In this episode, you’ll learn:

  • The reason for the physical, mental, emotional, and spiritual strain she experienced

  • The value of listening to yourself without questioning and judging.

  • Knowing that your body can heal itself instead of falling at the mercy of medical intervention. Take responsibility for your own health!

  • What were the “healing habits” that allowed Beejal to get to a better point in her life?

  • Seeing that life doesn’t happen to us, but life happens for us

  • Learning to accept yourself. Being different is great!

About Beejal Coulson:

After living with IBS for many years, experiencing a nervous breakdown and being diagnosed with Anxiety and Hypothyroid I have been able to be liberated from the understanding of the root causes and be reprogrammed to live life without compromise as a result of training in and experiencing Rapid Transformational Therapy. I am a highly experienced with an astounding track record of successes.
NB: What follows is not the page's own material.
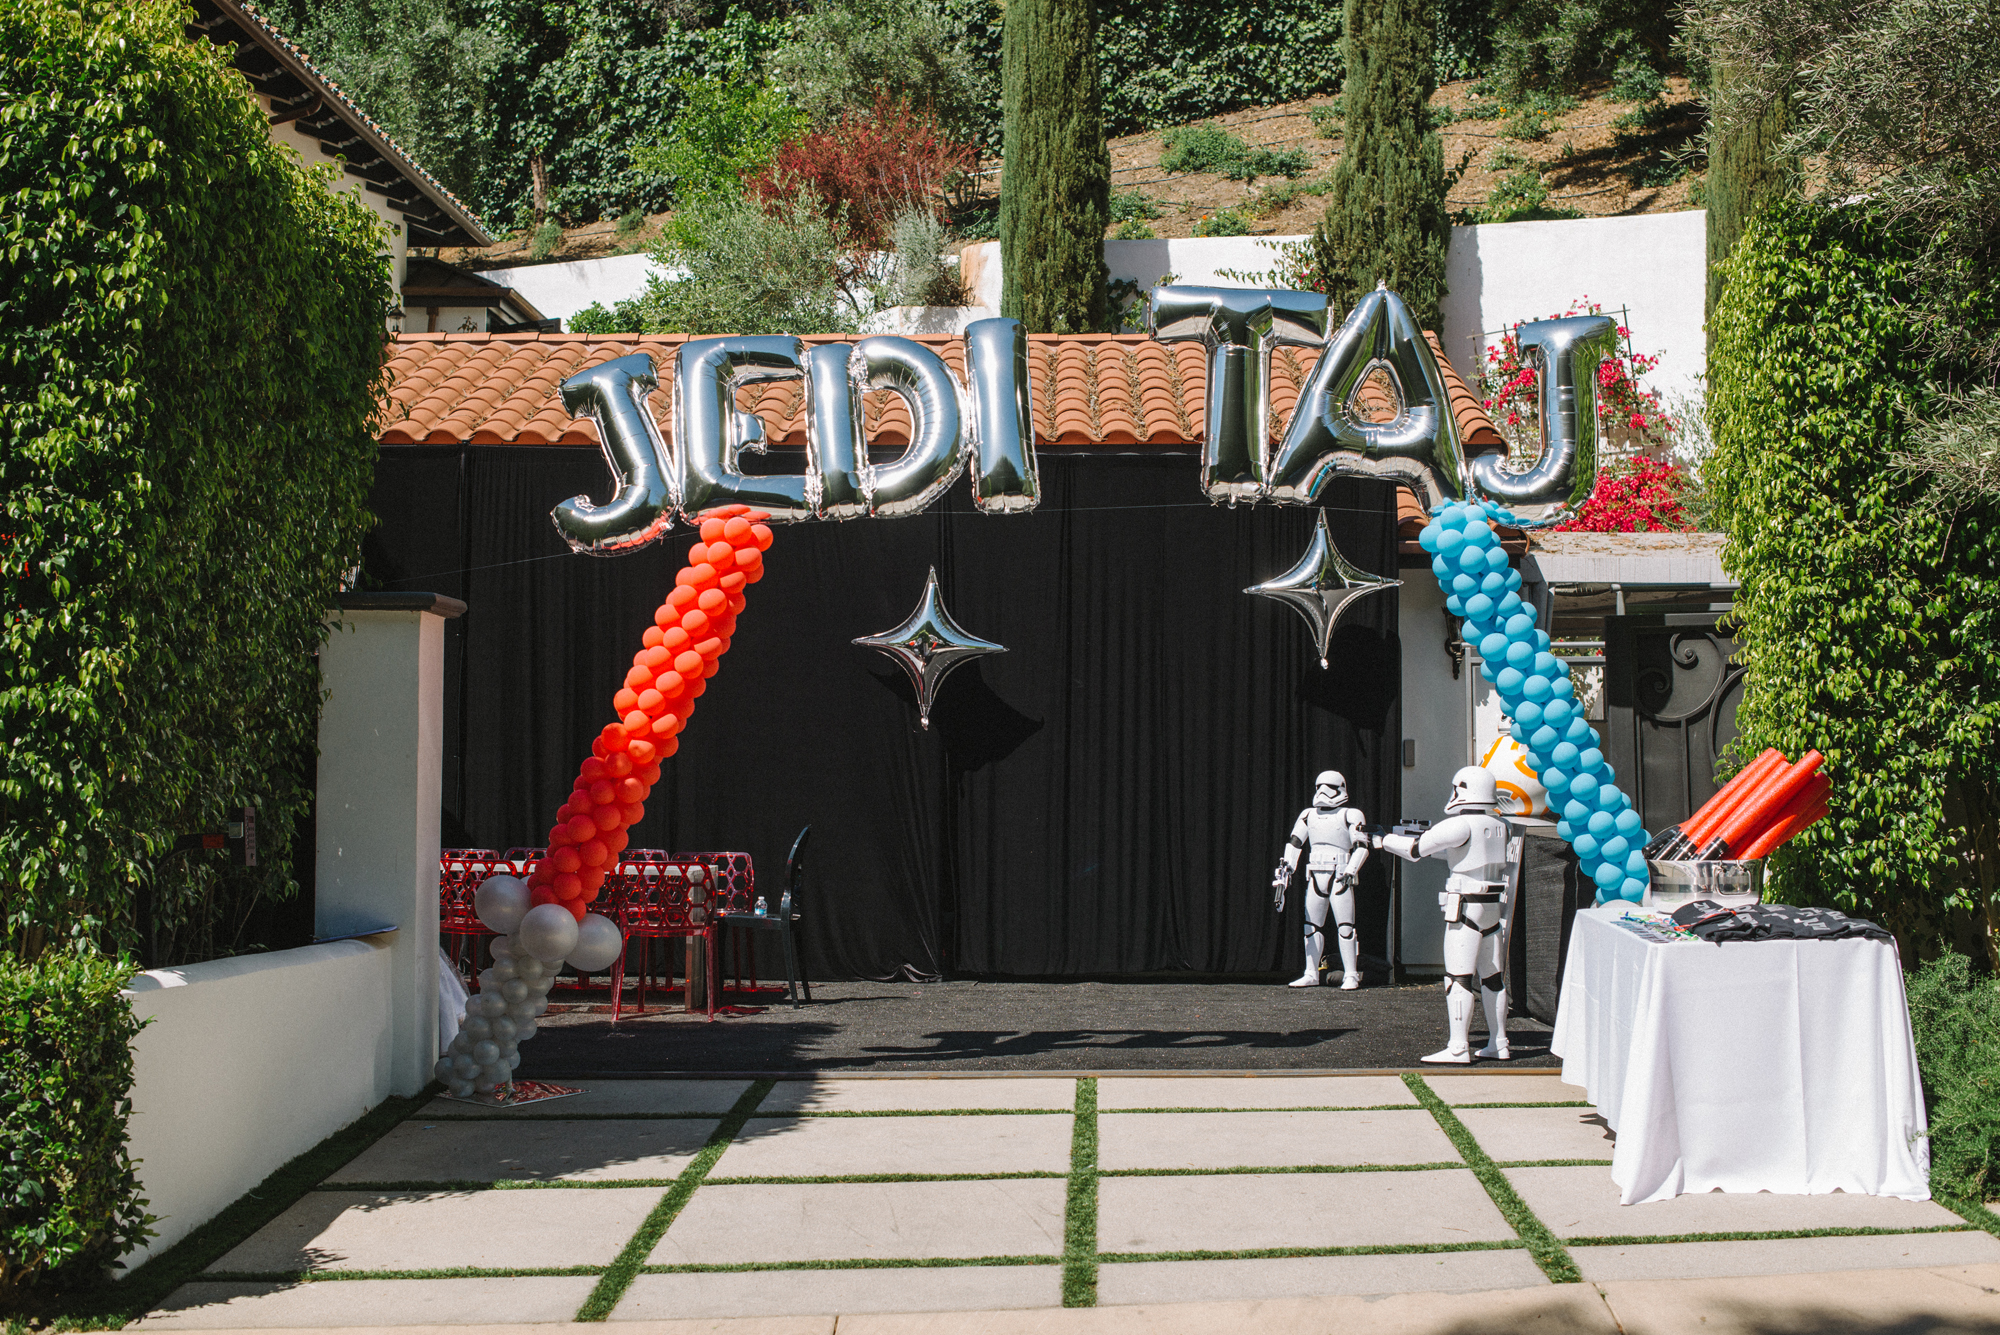 tarynco-events-starwars-themed-kids-birthday-party-balloons-jedi-decor-design.jpg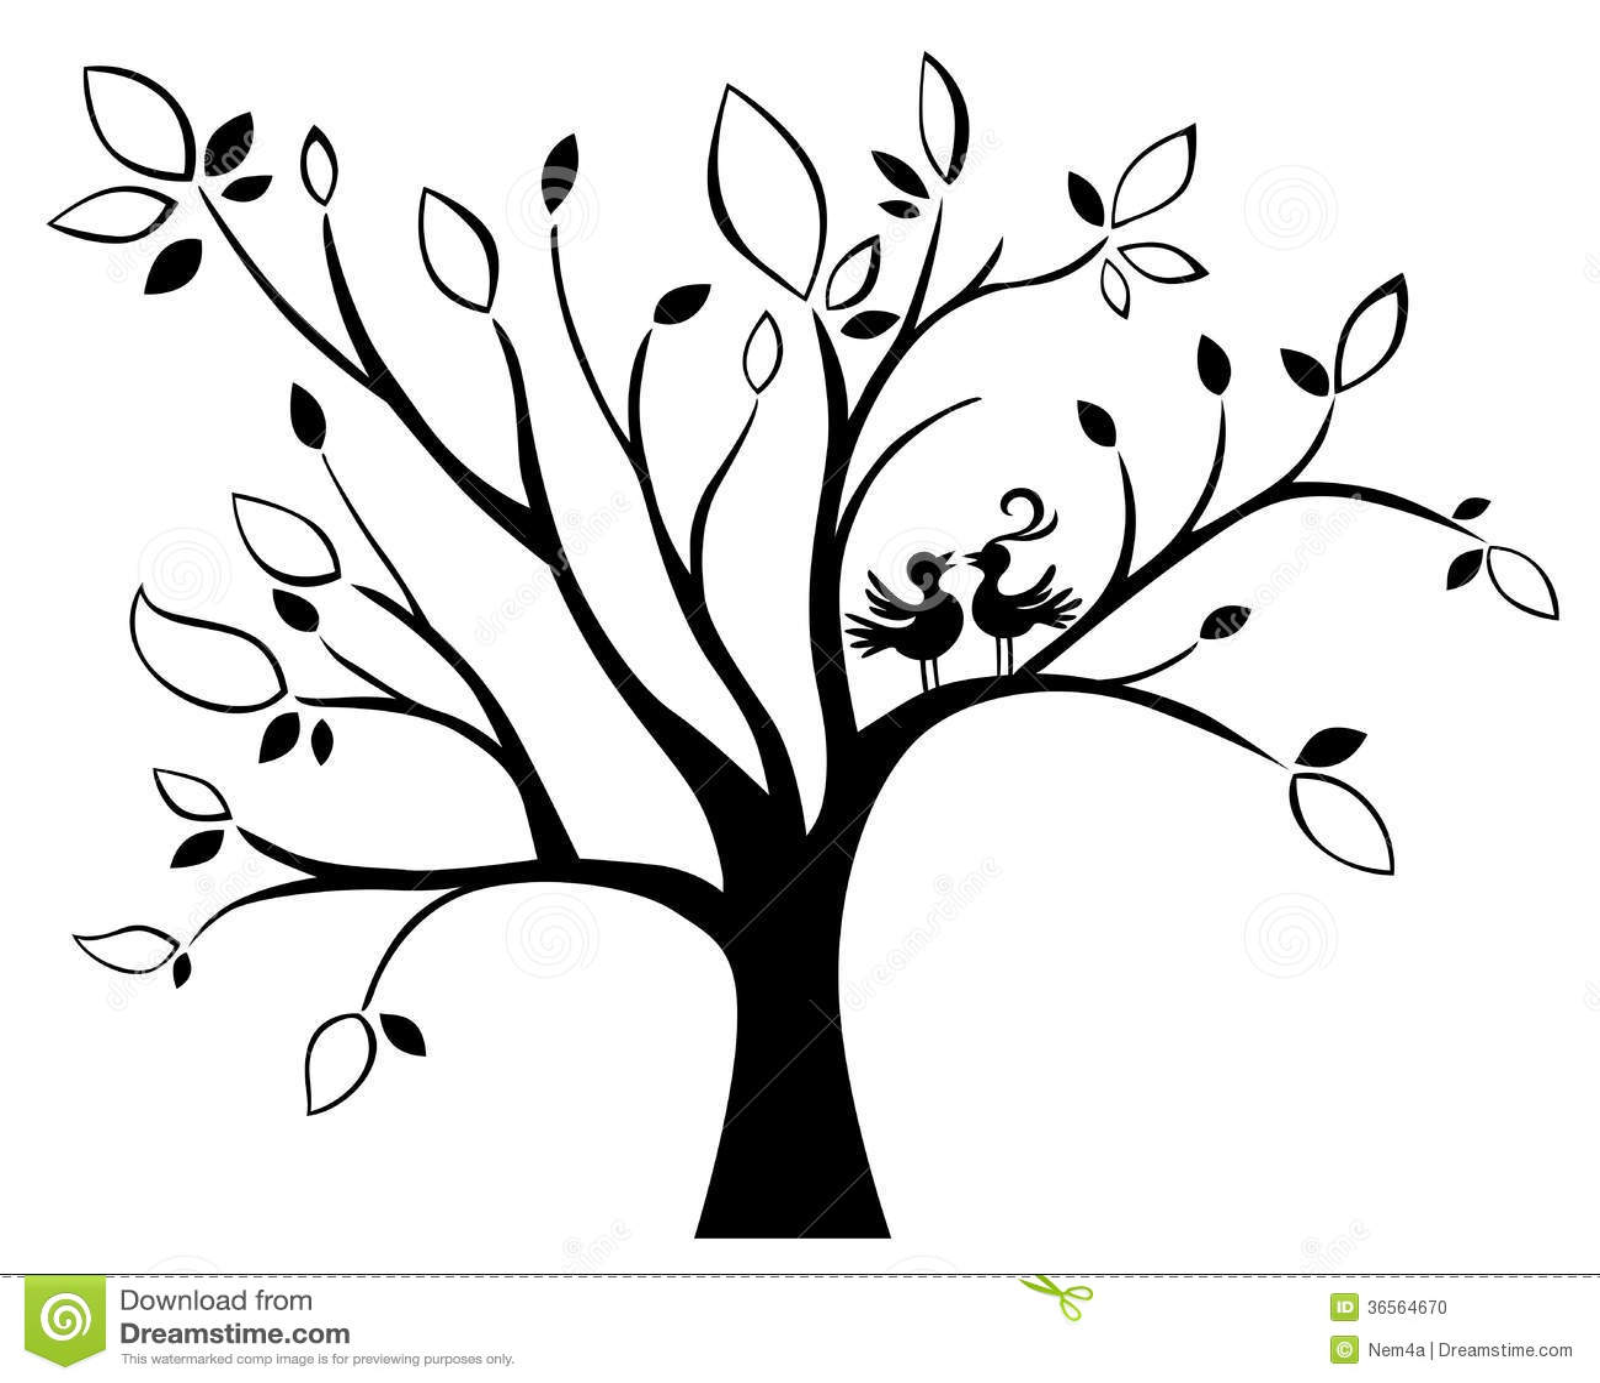 arbre de mariage photo stock image 36564670. Black Bedroom Furniture Sets. Home Design Ideas

My curiosity to want to live an extraordinary life led me to creating and founding Quantum Life Technique. I discovered my highest potentials and aligned to them and shared the process with my clients who were able to fast tracked their futures.

Work with me and your life will be transformed and you will be empowered so you too can live the life you love.

You can find Beejal Coulson on…

Website: https://beejalcoulson.com/

LinkedIn: https://www.linkedin.com/in/beejal-coulson-b45a438/

Facebook: https://www.facebook.com/beejalcoulson/

Instagram: https://www.instagram.com/beejalcoulson/

Get Beejal’s book here! https://www.amazon.com/Ignite-Female-Change-Makers-Exceptional-ebook/dp/B088P7MFK9/

Transcript

[Roksana] My guest on today’s show is Beejal Coulson. She’s a wife and a mum. During her career as a marketing lecturer, she found she had fallen out of love with the daily grind of teaching, and around this time Beejal develop not one but two autoimmune conditions resulting in her inability to continue work. Beejal took her health and her life into her own hands and began a journey of healing and aligning healing with her purpose. Today, Beejal shares her journey of transformation. Welcome Beejal!

[Beejal] Hi Roksana, thank you for having me.

[Roksana] You’re welcome, thank you for making some time for me today. Beejal, I’d love to know a little bit about your back story.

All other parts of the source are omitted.